Information security specialists, who hack computer systems and mobile devices to detect and fix previously unknown vulnerabilities in popular software, demonstrated their skills by hacking Safari, SCADA and by detecting a vulnerability in iPad at the Positive Hack Days international forum, which took place on Thursday (19/05/2011) in Moscow.
MOSCOW, May 19th – RIA Novosti, Ivan Shadrin
Information security specialists, who hack computer systems and mobile devices to detect and fix previously unknown vulnerabilities in popular software, demonstrated their skills by hacking Safari, SCADA and by detecting a vulnerability in iPad at the Positive Hack Days international forum, which took place on Thursday in Moscow.
The Positive Hack Days international forum was held by Positive Technologies (develops solutions to ensure corporate information security) for the first time, however the forum was able to draw the attention of information security experts from large Russian companies and from abroad. During the day, the representatives of Kaspersky Lab, Group-IB, VimpelCom, Rostelecom, Russian Argicultural Bank and other companies and organizations, including Federal Service for Technical and Export Control, conducted their reports, business seminars, and masterclasses at the forum sites.
Along with reports, various hacking contests were conducted in the framework of the forum. As part of the hack2own contest, CISSRT information security specialists demonstrated that the latest version of the Safari Internet browser for Windows contained a zero day vulnerability (a vulnerability that was not known by information security specialists before) and exploited it to run an application, thus demonstrating a security flaw in the popular browser and winning a laptop, on which the vulnerable Safari was installed.
The same participants tried to hack the iPad tablet computer by exploiting a vulnerability in a mobile version of the Safari browser, but did not succeed, since the exploit (a program for exploiting vulnerabilities in tested software) written by them, did not work stably.

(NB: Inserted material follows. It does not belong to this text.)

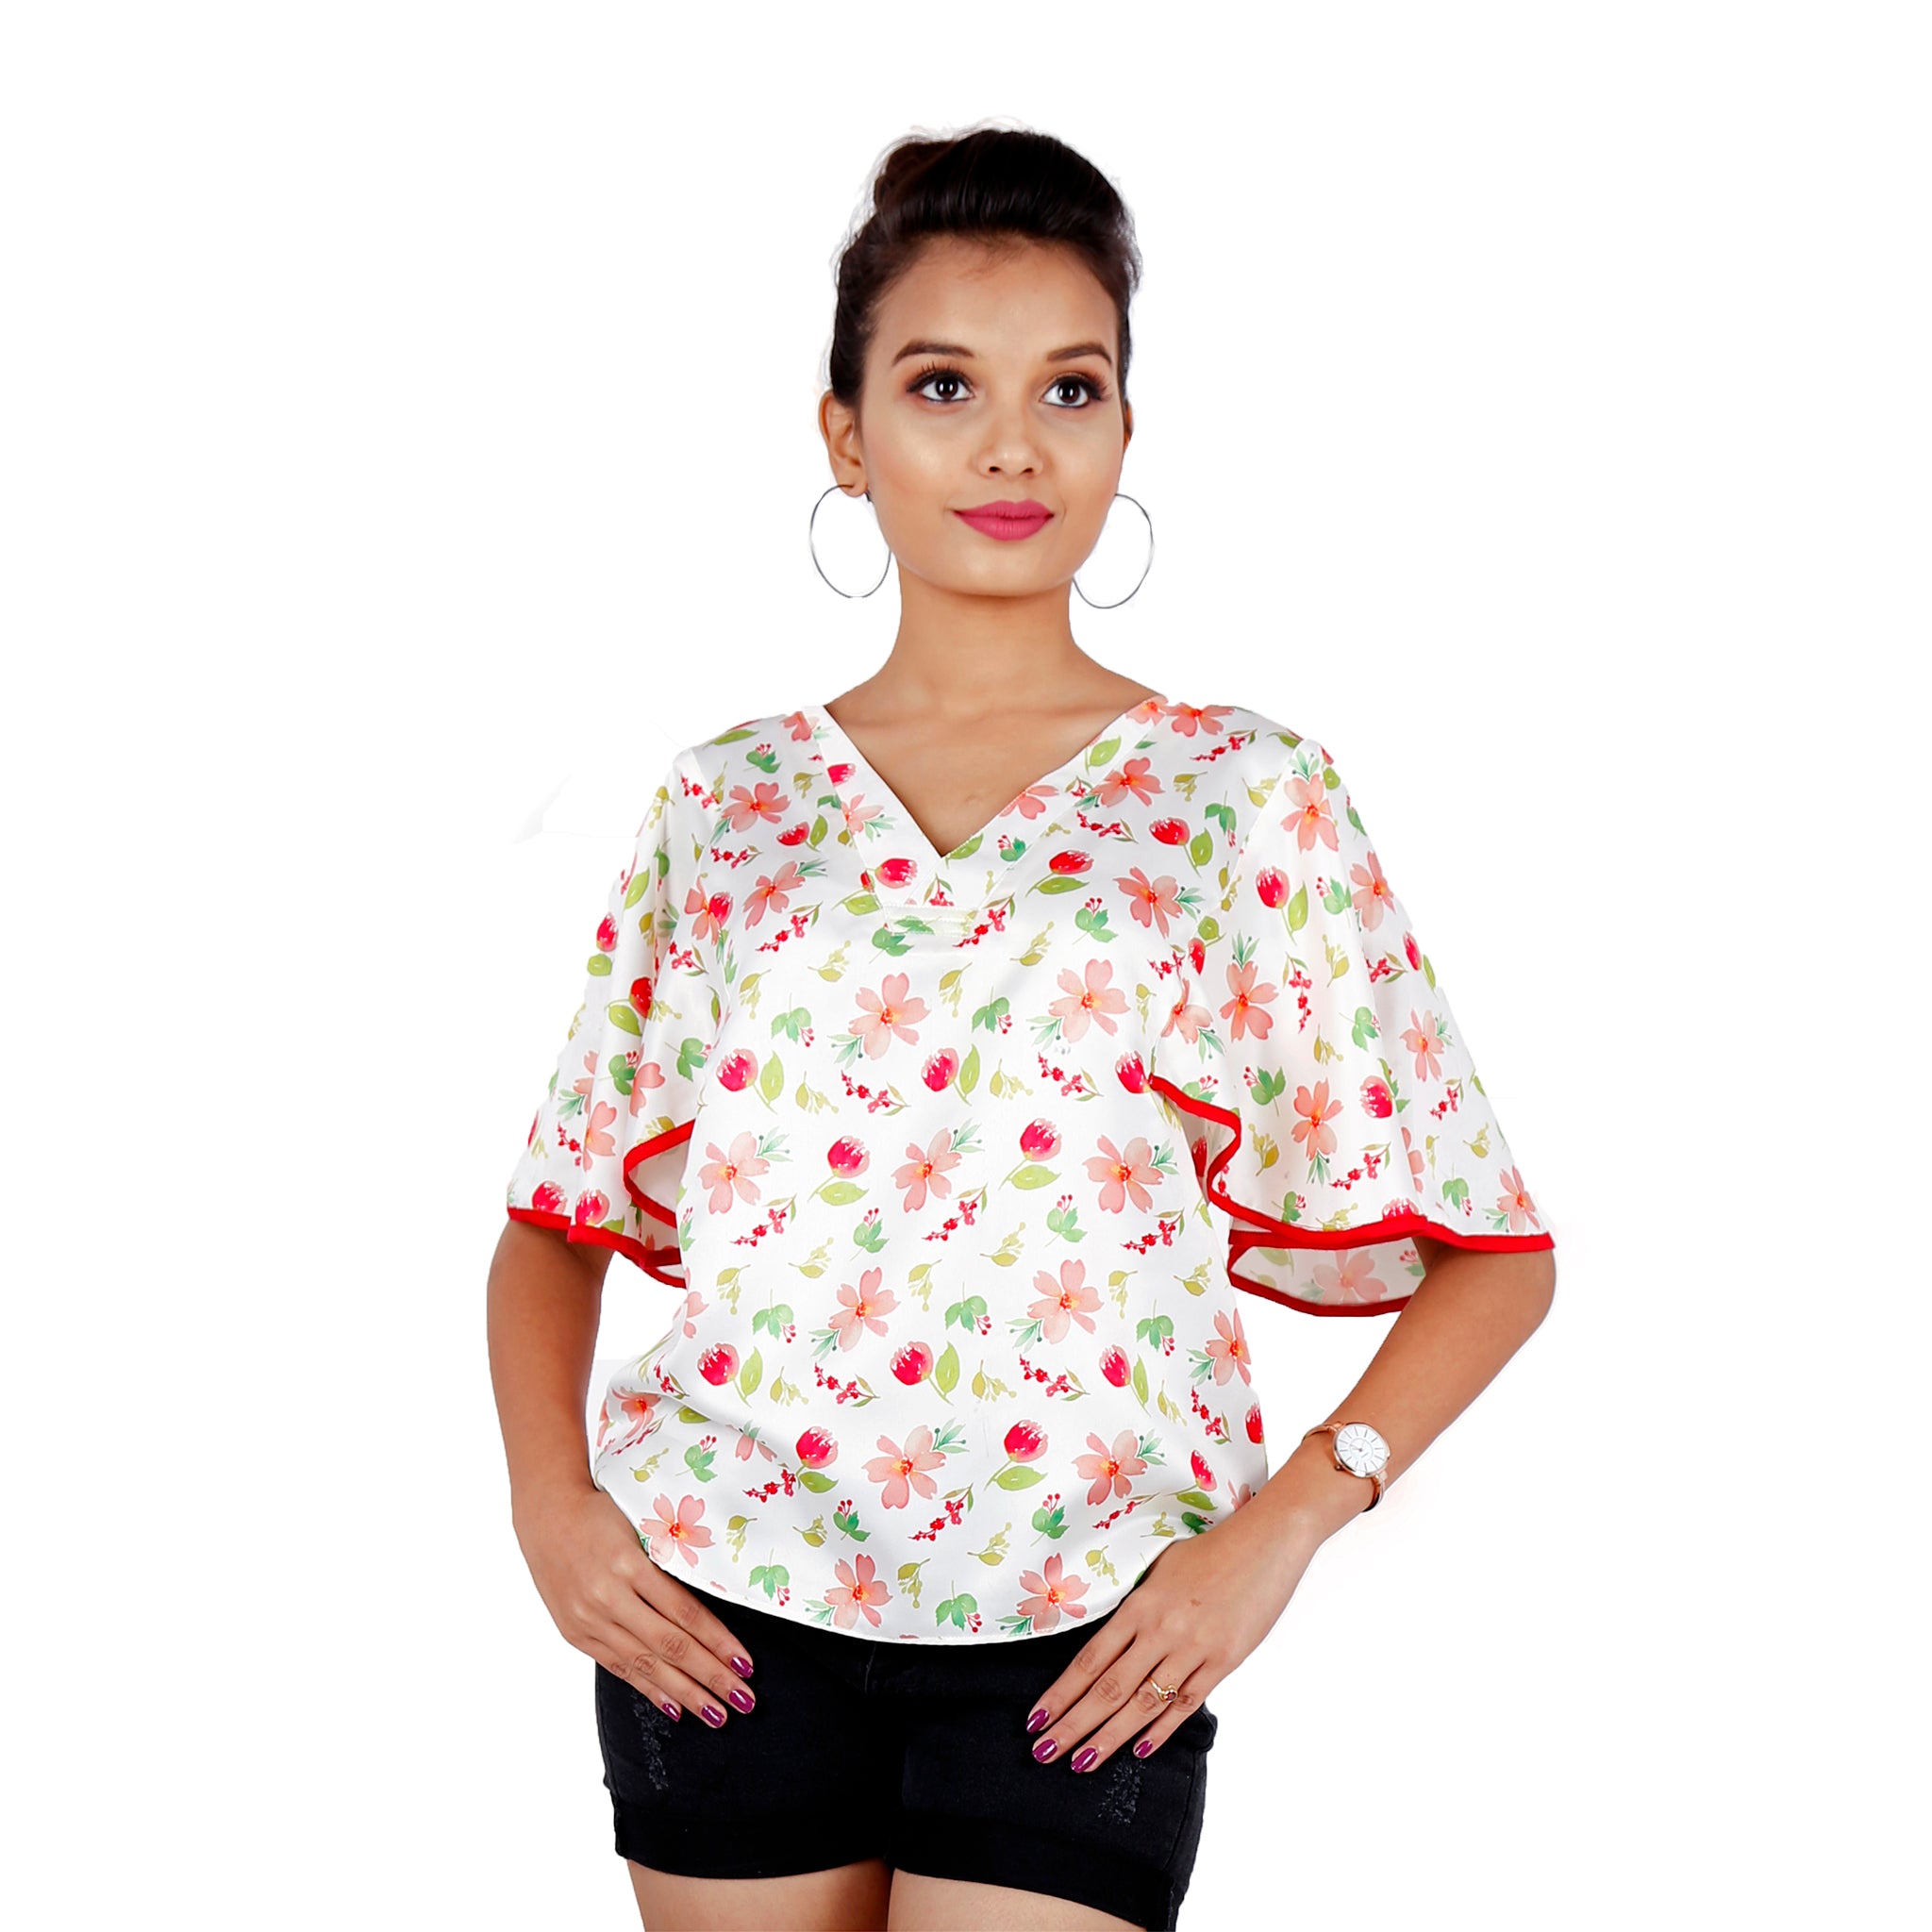 satin-floral-top-with-fan-sleeves for-women

However, as the organizers of the contest told RIA Novosti, the CISSRT representatives proved the existence of the vulnerability in the Safari browser during the qualifying round, and failed to demonstrate it in practice, because they had not enough time before the beginning of the contest to bring the exploit to an acceptably stable condition. According to the authors of the exploit, the vulnerability allows removing and modifying any information in the iPad memory. Nevertheless, technically, in the hack2own contest the iPad withstood the hackers’ attack.
The main hacking contest of Positive Hack Days was "CTF (Capture The Flag) Freestyler", which is a kind of intellectual contest, popular with information security specialists in Russia and all over the world, aimed at assessing participants’ skills in attacking and protecting computer systems. The contest lasted almost all the working time of the forum: from 9 a.m. till 5 p.m. (Moscow time). Ten teams took place in the contest: seven from Russia and three from abroad (USA, France, and India).
The organizers of the contest developed contest software which imitated various real computer systems. In particular, the participants were to attack and protect virtual copies of SCADA systems, used for managing various industrial facilities.
According to the rules of the CTF Freestyler, each team was provided a computer system at their disposal and had to protect it from other teams, at the same time conducting attacks against other teams’ systems. An attack was considered successful, if it resulted in the loss of availability of the affected system. In this case, the team that allowed a successful attack against their system, lost several contest points. The team that conducted a successful attack, on the contrary, gained contest points, but only in the case if the team managed to capture the flag in the enemy’s system. The role of the flag in the contest legend was performed by a specific source code string.
The best protectors and attackers of computer systems proved to be the members of the USA team called "PPP", who became the first and gained the top prize of 5 thousand dollars. Second and third places were taken by the teams from Saint Petersburg and Yekaterinburg. Russian prize-winners were awarded 3 and 2 thousand dollars respectively. CTF Freestyler became one of the major contests among the СTF contests conducted in Russia.
Too Drunk to Hack
After the completion of all reports, hacking competitions and award ceremony, the organizers conducted a mock contest called Too Drunk to Hack, in which only persons of the full legal age could take part. According to the rules, contestants were to hack a copy of the phdays.ru website, which contained several vulnerabilities. In case if a contestant makes a mistake while hacking, they are to drink 50 grams of tequila.
Eight contenders from France, USA, and Russia took part in the contest. As opposed to the "CTF Freestyler" results, in this contest Russian information security specialists were unrivalled – the winner of the Too Drunk to Hack contest was the onsec.ru chief information security expert and web security researcher Vladimir Vorontsov. After 6 mistakes, he detected the vulnerabilities prepared by the organizers and hacked the copy of phdays.com.